Riley himself gave a blessing of sorts to his assistant, even if the team is in the middle of the season.
“I think Shane’s going to be a really good head coach,” Riley said in a recent news conference. “I do. He’s had great experience being able to work for several different guys and several different programs, different parts of the country and, obviously, he’s got very inside knowledge from one of the best to ever do it in his dad, Frank Beamer. Shane’s got a good way about him, does a great job with the kids and has been fantastic.
“I’ll be excited for him. He’s one of those guys that, I think, certainly will get his opportunity at some point. Obviously, we love having him here and will certainly be excited for him and any of our other coaches when they get that chance to be a head coach, because those just don’t come around very often.”
How much risk with Beamer?
The questions with his candidacy will revolve primarily around staff hires and experience. It’s a job he has never done, and he has never even led an offense or defense, almost always a prerequisite for a head-coaching job. He’ll have to hire coaches to put both his offensive and defensive visions into practice, and his background doesn’t give a concrete sense for what those might be (though being close to Riley’s high-flying attack might provide a hint).
Coaches in that mold, CEO types who focus on recruiting and have assistants take the lead on scheme, are not uncommon. Dabo Swinney is notable highly successful example, as are Mack Brown and P.J. Fleck. In the heyday of his tenure, Bobby Bowden was perhaps also in that mold, with Mickey Andrews running the defense and Brad Scott and Mark Richt running successful offenses.
There’s a risk element. Most any coaching hire is risky, but there’s a little more risk with someone who hasn’t had that seat before.

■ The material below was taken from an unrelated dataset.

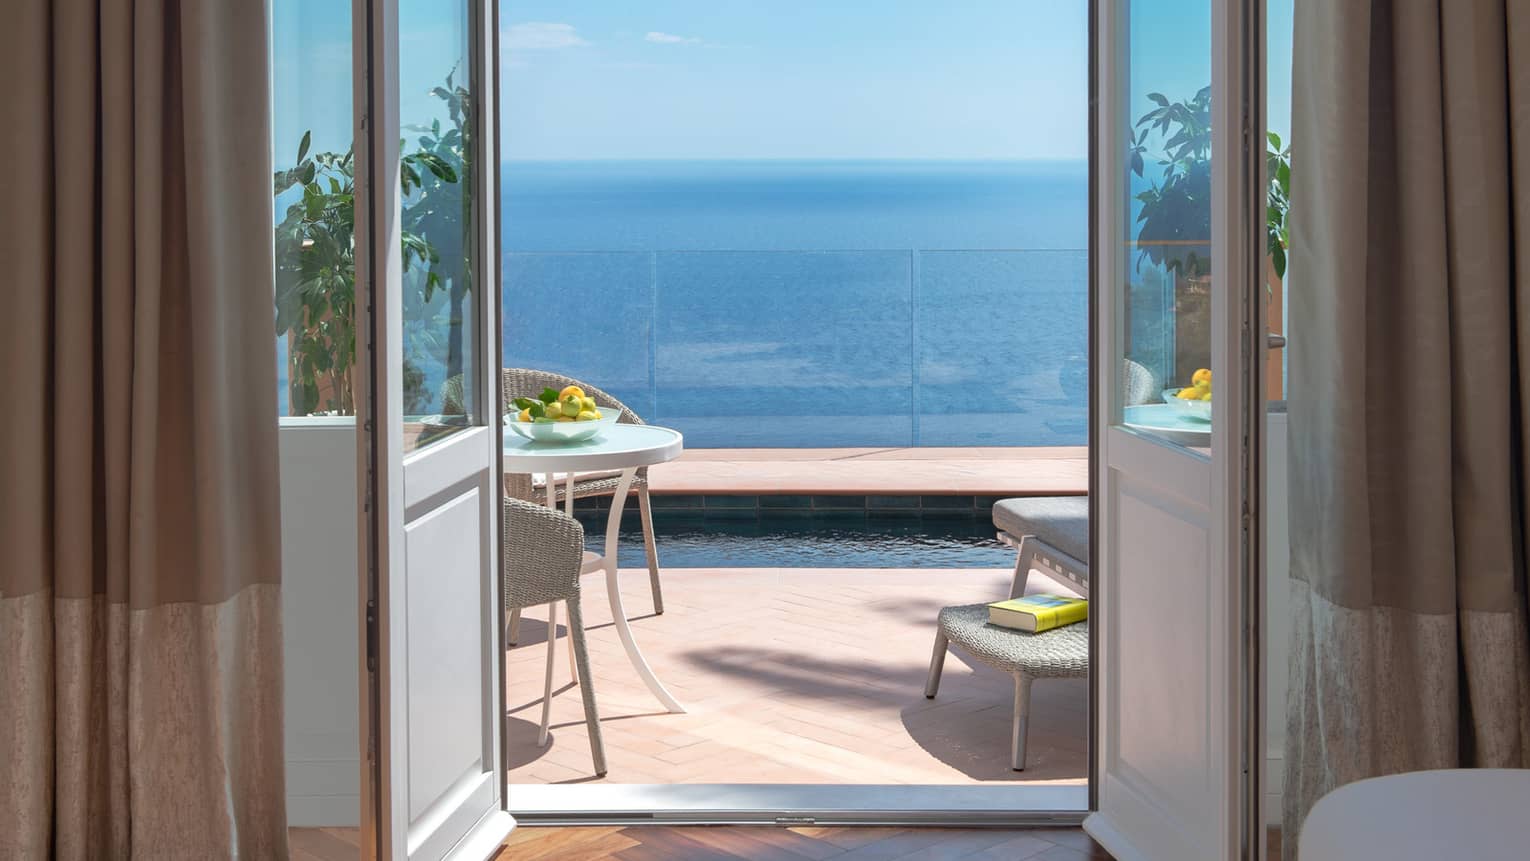 Door leading to private terrace with plunge pool overlooking the sea

It means the hiring process will have to identify those soft skills and project them forward.
But some of the folks around him see that range of soft skills and think they will pay off.
“There are a certain ingredients that have to come together, some type of alchemy that comes together with success,” Lattimore said. “He gets that culture side of it. He gets that everybody just has to be on the same page.”